Relationship between similarity and distance

In this section, you'll be focusing on a foundational Supervised Learning algorithm, the K-Nearest Neighbors, or KNN for short. In order to understand how this algorithm works, you first have to understand some distance metrics, and how you can use them to tell us how similar two objects are.

The assumption that distance-based classifiers like KNN are built on is that distance helps us quantify similarity. Objects that are more alike are more likely to be the same class. By treating each column in your dataset as a separate dimension, you can plot each data point that you have and measure the distance between them!

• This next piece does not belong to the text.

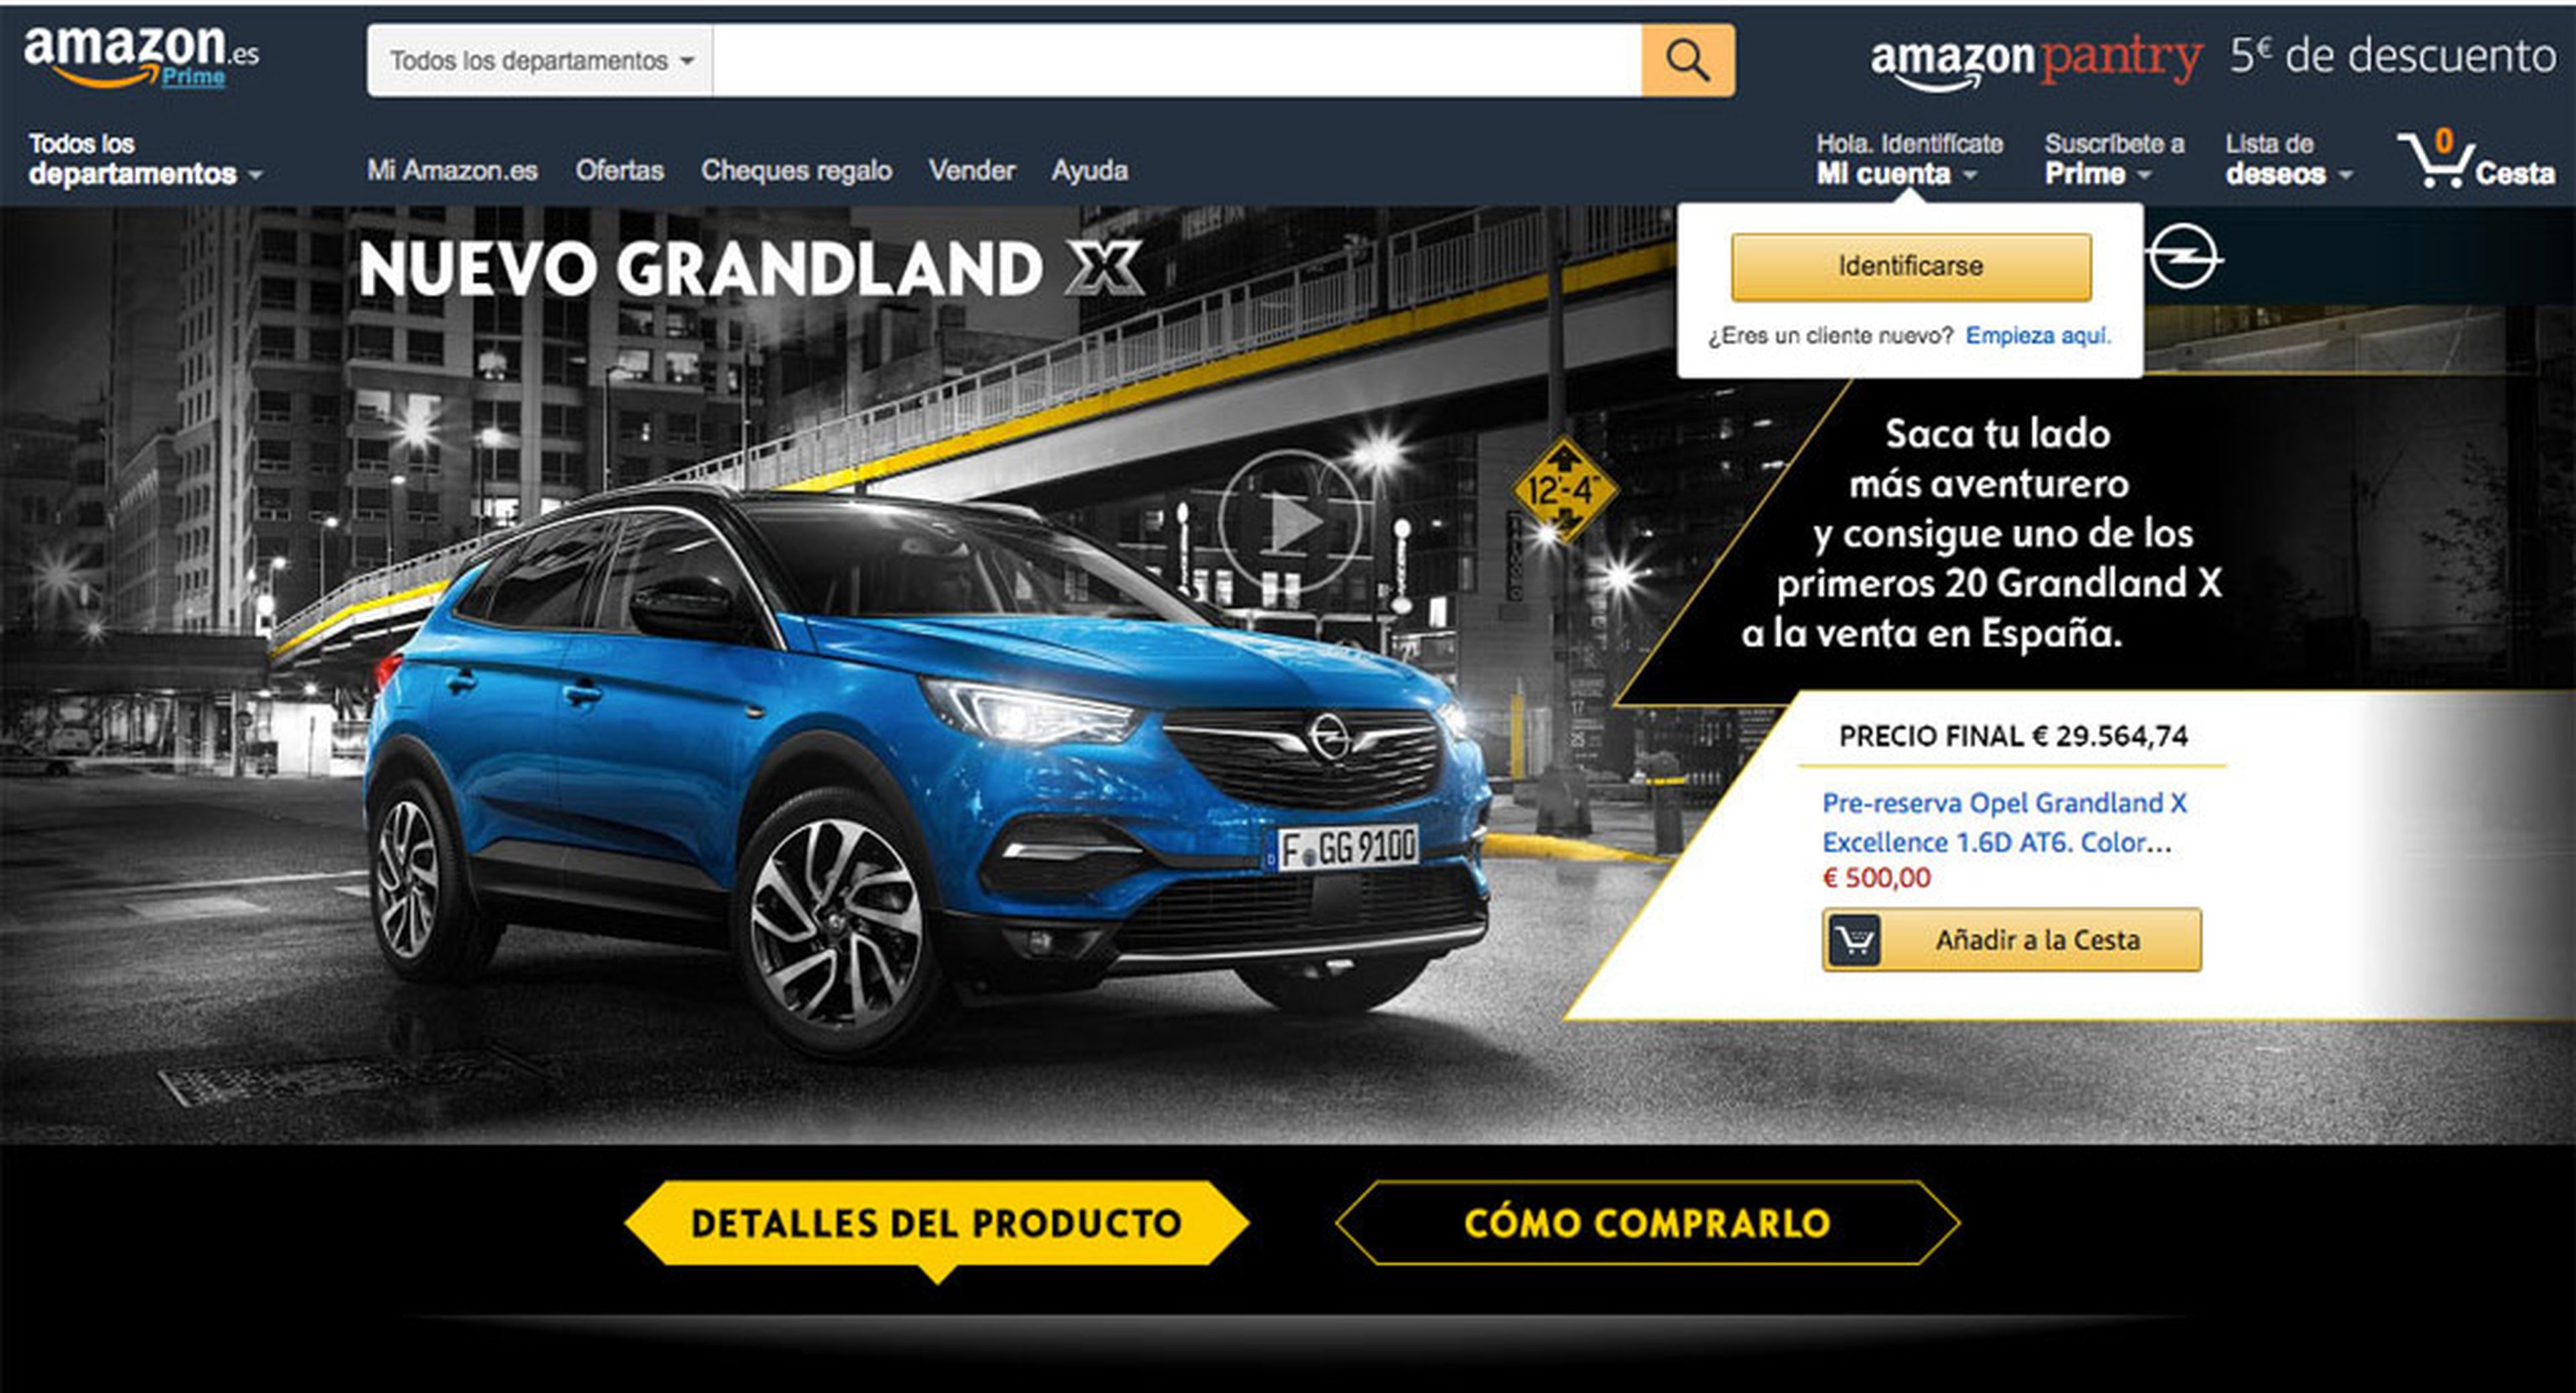 Opel y Amazon se aliaron para una campaña de marketing, pero la venta de coches está vetada en Amazon España.

You might remember learning about how to calculate the distance between two points on a Cartesian plane from school. That's certainly an important distance metric that you'll be using -- however, there is more than one distance metric you can use, and all of them can be useful depending on the context of the problem. In this lesson, you'll learn how to calculate different distance metrics so that you have a tool to evaluate how similar or different data points are from one another when we begin exploring the KNN algorithm!

Manhattan distance

The first (and easiest) distance metric you'll cover is Manhattan distance. Manhattan distance is aptly named, because it measures the distance from one point to another traveling along the axes of a grid. Take a look at the following image:

In this image, all the lines except for the green line measure the Manhattan distance between the two points. You'll notice that if you start from the point in the bottom left corner of the grid and count the number of units moved in the X dimension (left and right) and the number of units moved in the Y dimension (up and down), the distance is the for the red, blue, and yellow lines.

The easiest way to remember Manhattan distance is to use the analogy that provides this distance metric it's name -- look at the picture above, but picture this grid as the famous grid of streets in Manhattan. If you were to take a taxi from point A (bottom left) to point b (top right), how many blocks east or west would the taxi have to travel? How many blocks north or south? How many blocks total? By calculating the total number of blocks we have to drive, we're actually calculating the Manhattan distance between point A and point B.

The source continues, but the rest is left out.